Faculty
Dr. Stefano V. Albrecht
Associate Professor in Artificial Intelligence
Head of Research Group
Dr. David Abel
Honorary Fellow at University of Edinburgh
Senior Research Scientist at DeepMind
Postdoctoral Researchers
Dr. Atish Dixit
PhD in Engineering, Heriot-Watt University, 2023; MTech in Mathematical Modelling, 2017 & BEng in Mechanical Engineering, 2012, University of Pune
Project: Multi-Agent Reinforcement Learning and Ad Hoc Multi-Agent Collaboration
Research interests: reinforcement learning, multi-agent systems, robotics, intelligent control
Dr.

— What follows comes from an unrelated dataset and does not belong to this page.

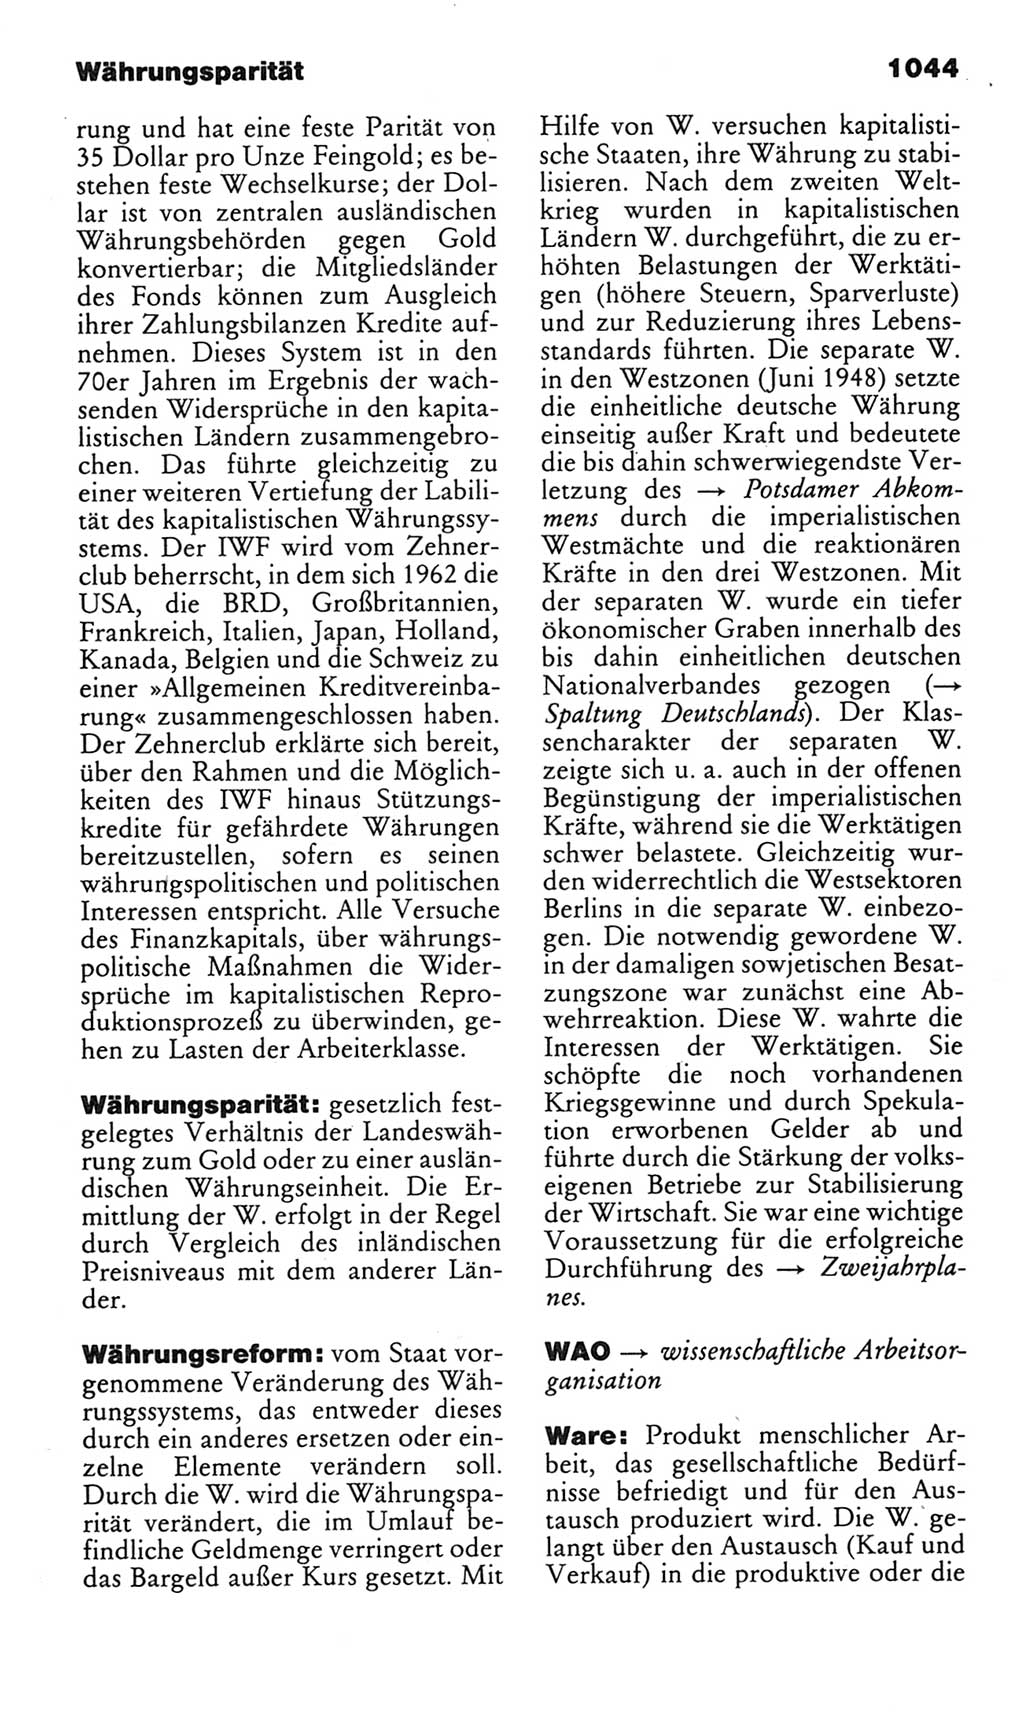 Kleines politisches Wörterbuch [Deutsche Demokratische Republik (DDR)] 1985, Seite 1044 (Kl. pol. Wb. DDR 1985, S. 1044)

Alper Demir
PhD in Computer Engineering, 2019; MSc in Computer Engineering, 2016; BSc in Computer Engineering, 2014, Middle East Technical University
Project: Solving Asymmetric Social Dilemmas in Multi-Agent Reinforcement Learning
Research interests: reinforcement learning, multi-agent systems, data science
Dr. Josiah P. Hanna (Jan 2019 – July 2020)
PhD in Computer Science, University of Texas at Austin, 2019; BS in Computer Science and Mathematics, University of Kentucky, 2014
Project: Towards Model Criticism in Multi-Agent Systems
Research interests: reinforcement learning, policy evaluation, robotics, autonomous driving
Dr. Ignacio Carlucho (Nov 2021 – April 2023)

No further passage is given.